I’m certainly advising anyone that can qualify, to get into a fixed rate now.
Thanks Jillayne,
There’s never been a better time…to buy in the best area you can afford. Defining best area = lowest absorption rate. A market that can hold it’s own in the worst of times also rises more in the best of times.
I am sure that the recently lower rates will encourage some people to buy homes, but these low rates are actually pretty scary. Rates are low because investors are running as fast as they can for the safety of government backed securities (e.g. T-bills, GSE debt, etc), which is driving down yields.
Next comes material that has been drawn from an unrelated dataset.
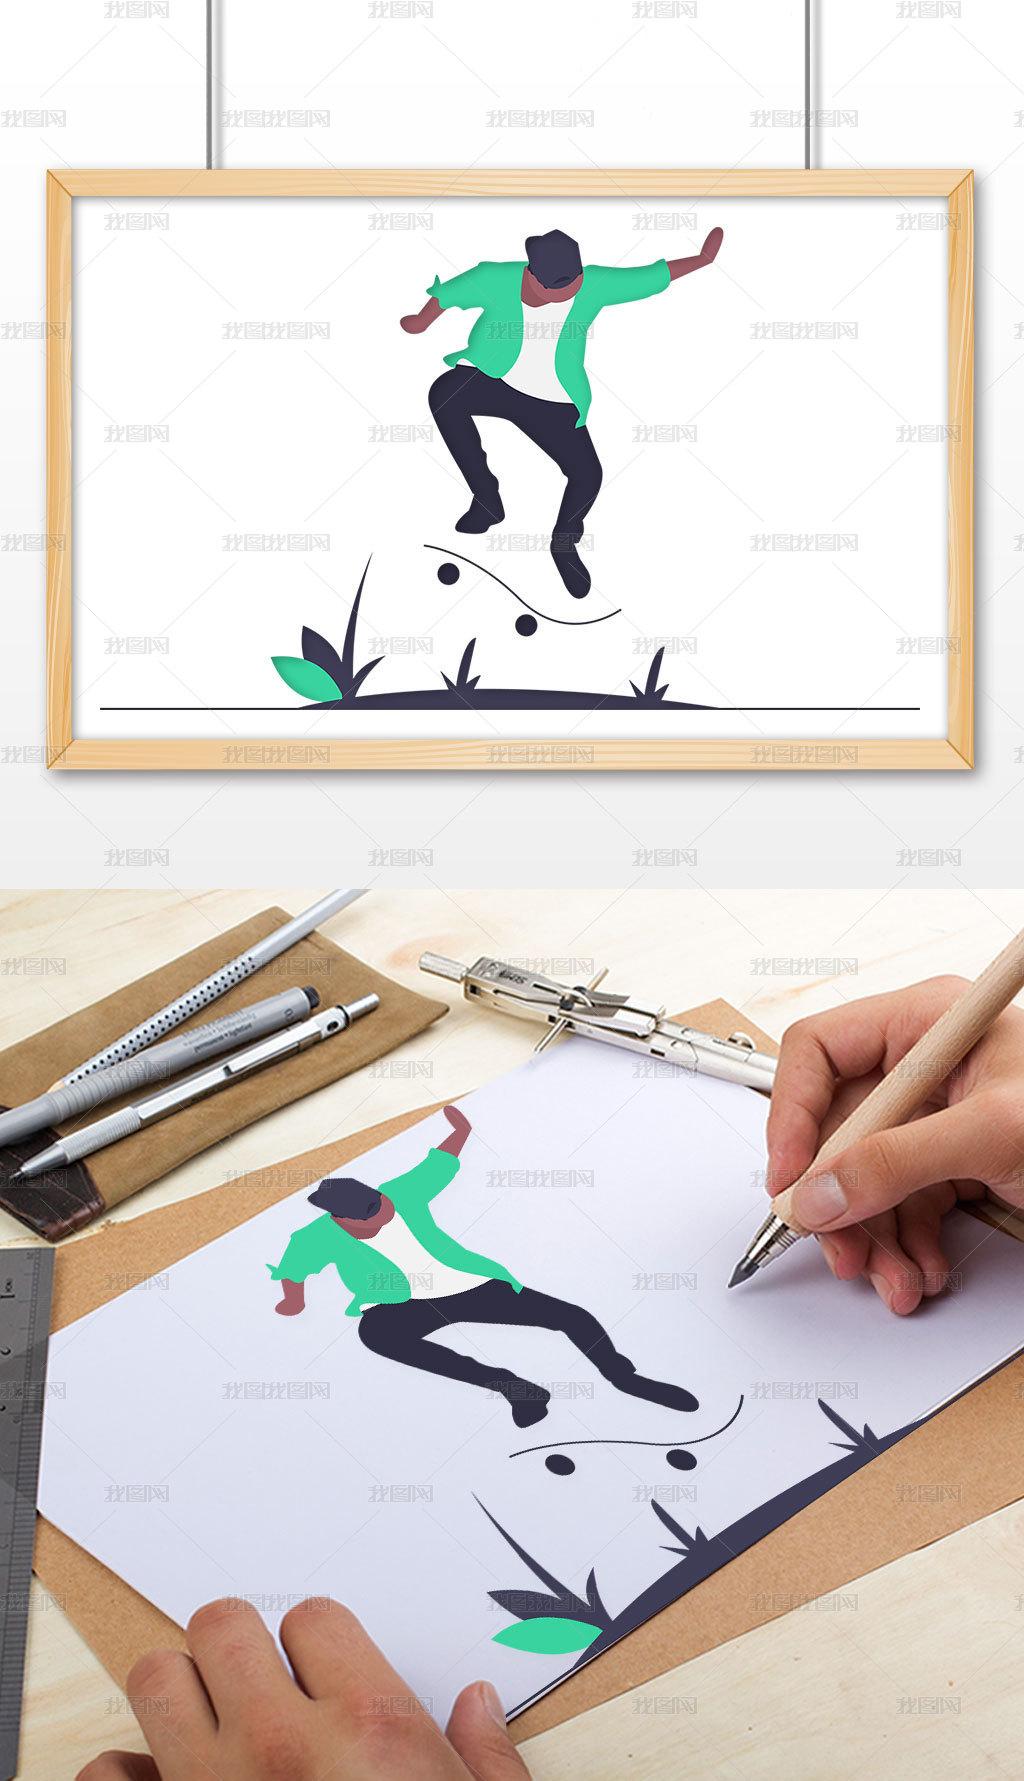 卡通人物矢量插畫滑板男孩

This is the loud siren sound of deflation. Who wants to buy a depreciating asset even if the interest rate is 0%? Just look at Japan. They’ve had EXTREMELY low rates for almost 20 years, yet that hasn’t done much at all to stoke inflation. Tokyo area homes are still some 80% less than they were during the ’89 peak.
I have a podcast that explains why low mortgage rates are something to fear. http://msurkan.podbean.com
Michael (sniglet),
I like listening to your podcasts on the Optimistic Bear. You might want to take out the stock wording on the “About” page.
Ardell wrote: “There’s never been a better time…to buy in the best area you can afford. Defining best area = lowest absorption rate. A market that can hold it’s own in the worst of times also rises more in the best of times.”
I’d agree absorption rate should be looked at, in part because you don’t know what the market will be like when you want to sell. But I don’t agree with the last part. If market prices in an area are volatile they will be volatile up and down. And if the absorption rate is bad, prices will be volatile downward.
Take Magnolia. I haven’t run absorption rate numbers, but just from my memory of the listings, I’d guess they’re pretty bad. And prices have been falling significantly In a hot market those prices would probably rise faster than prices in an area with a low absorption rate.
So, a low absorption rate now would mean you’re more likely to sell at any point, but that you might not get the same appreciation going forward.
All that said, I’m not sure worrying about future appreciation is the best basis on which to buy a house. Using Magnolia as an example, I wouldn’t buy there hoping for great appreciation. I’d buy there if I actually wanted to live there! That in my mind is the more important part of the process. The low absorption rates would be a concern, and I’m not sure that would be outweighed by the potential for greater appreciation in the future.